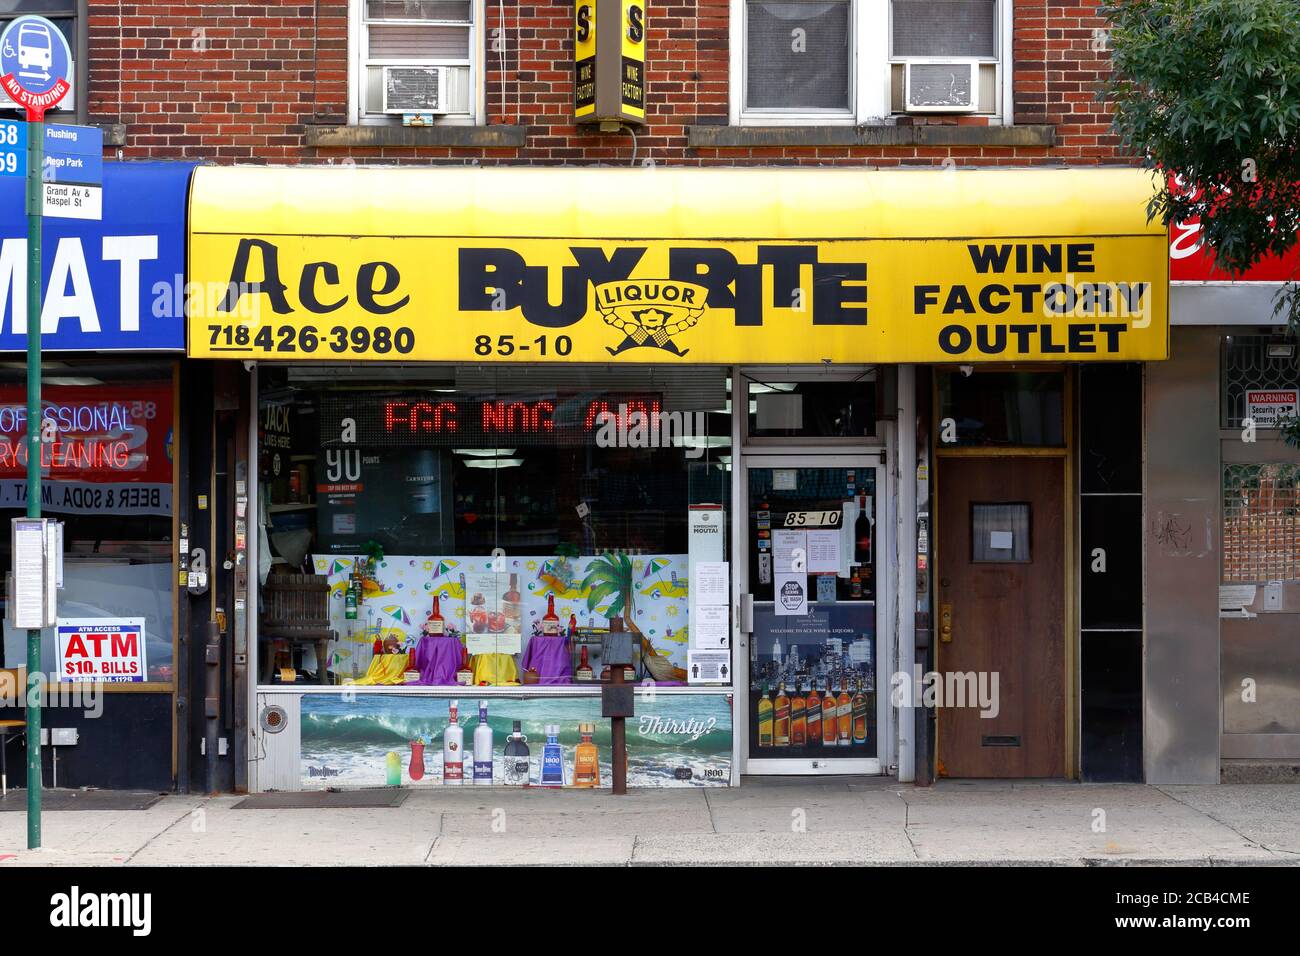 ACE Wine Liquors, 85-10 Grand Ave, Queens, Nueva York. Foto del escaparate de Nueva York de una tienda de licores en el barrio de Elmhurst. Foto de stock
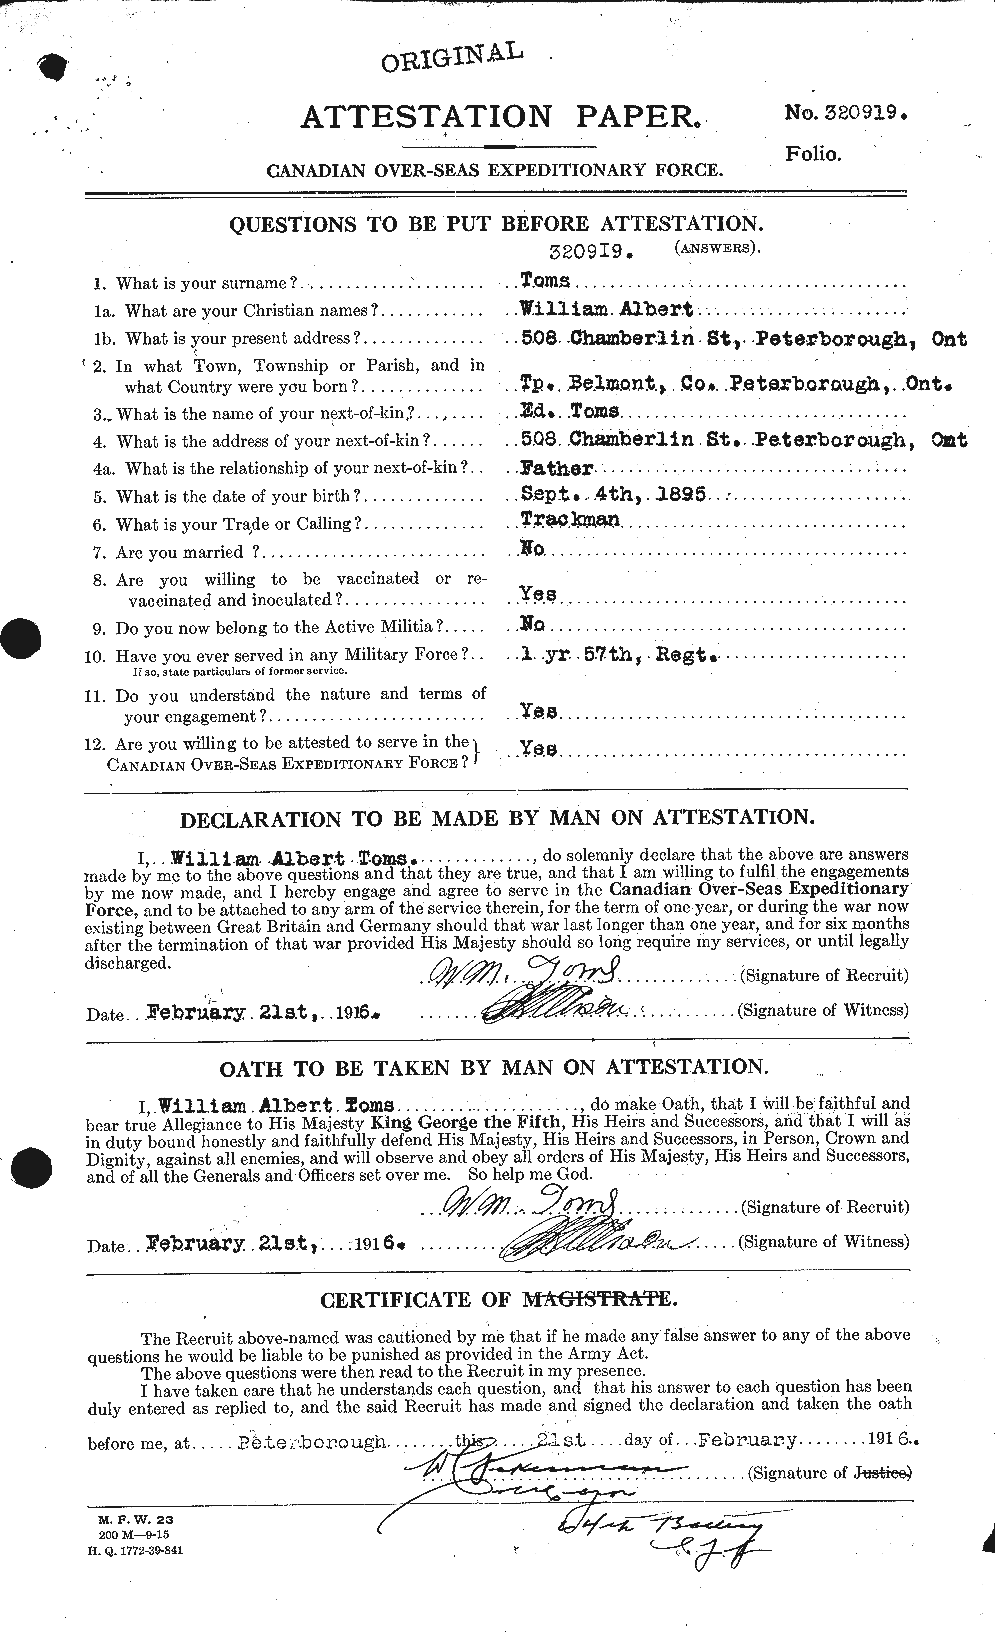 Dossiers du Personnel de la Première Guerre mondiale - CEC 639514a
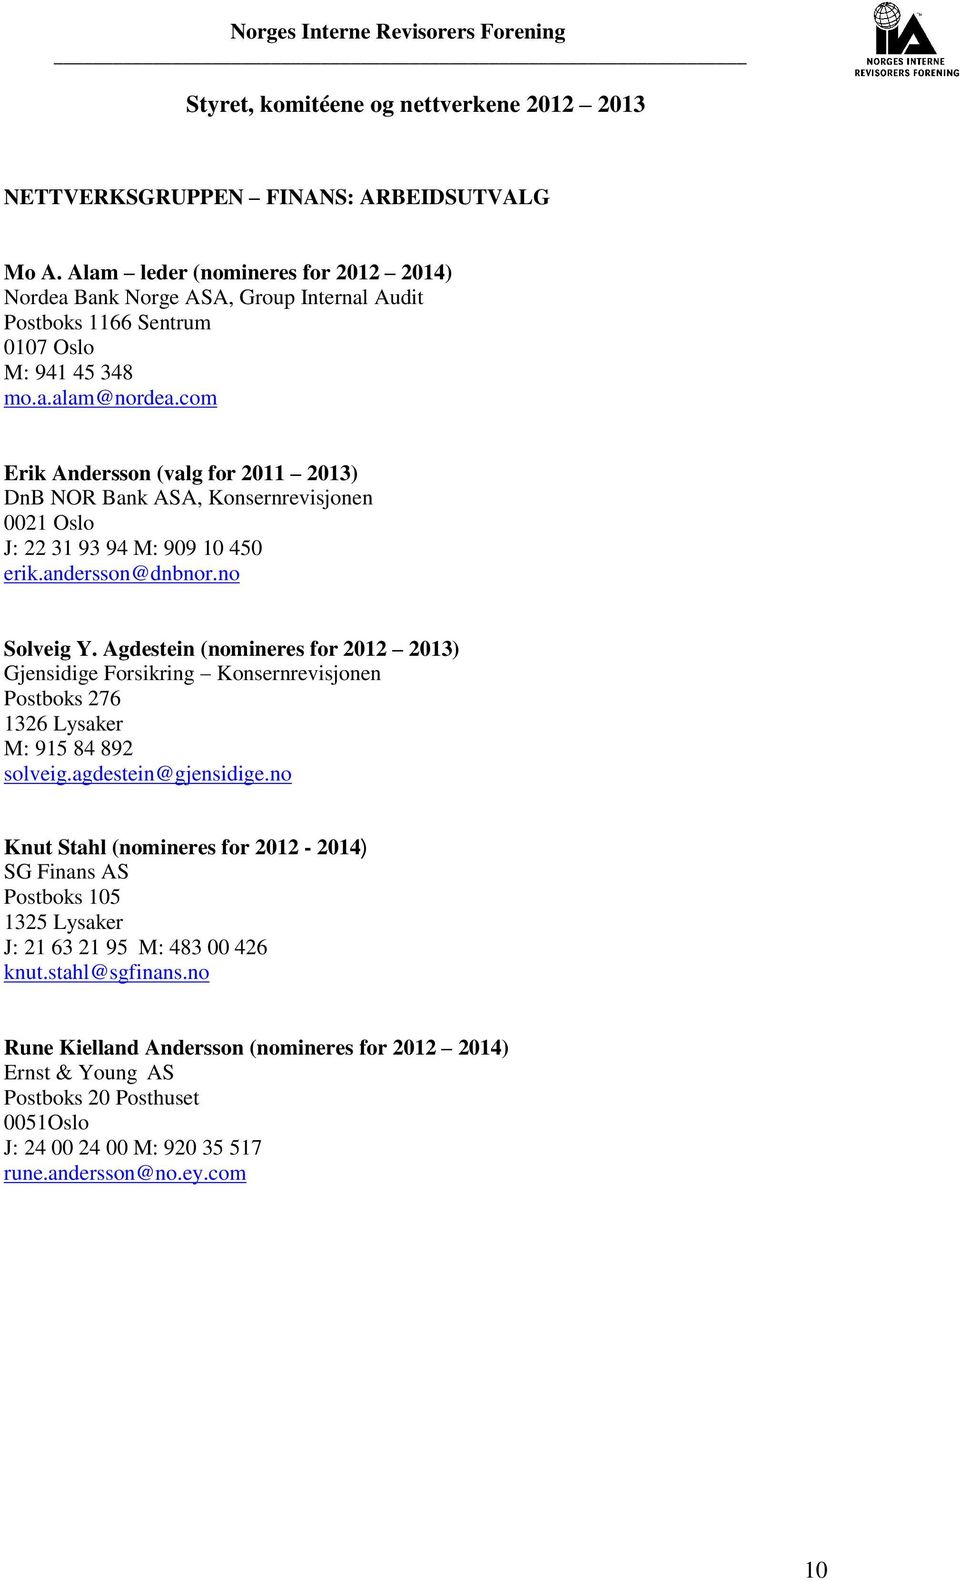 Agdestein (nomineres for 2012 2013) Gjensidige Forsikring Konsernrevisjonen Postboks 276 1326 Lysaker M: 915 84 892 solveig.agdestein@gjensidige.

* [TASK DETAILS] The answer must be an exact copy of the lines from the one with "Dossiers du Personnel" through the final line above, both ends included, and nothing else; pictures stay out.

* [THE ANSWER]
 Dossiers du Personnel de la Première Guerre mondiale - CEC 639514a
 Agdestein (nomineres for 2012 2013) Gjensidige Forsikring Konsernrevisjonen Postboks 276 1326 Lysaker M: 915 84 892 solveig.agdestein@gjensidige.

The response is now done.